((
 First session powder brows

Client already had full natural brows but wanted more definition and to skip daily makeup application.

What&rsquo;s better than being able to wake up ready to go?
))
((
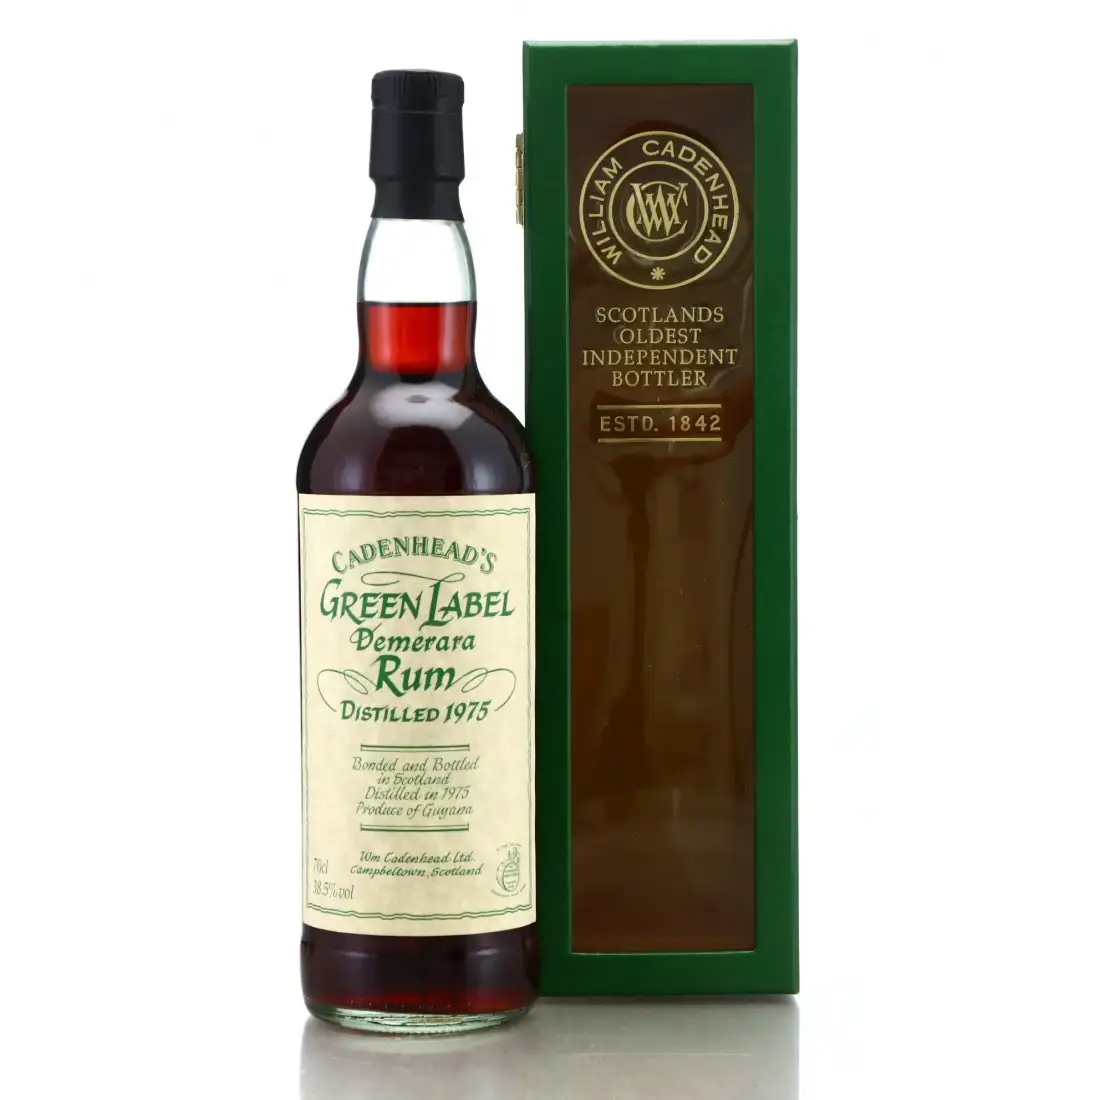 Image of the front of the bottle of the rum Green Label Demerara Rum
))
--- TASK REQUIREMENTS ---
Copy every line of the entries in which "brows" can be found.

--- SOLUTION FOR THIS EXERCISE ---
 First session powder brows
Client already had full natural brows but wanted more definition and to skip daily makeup application.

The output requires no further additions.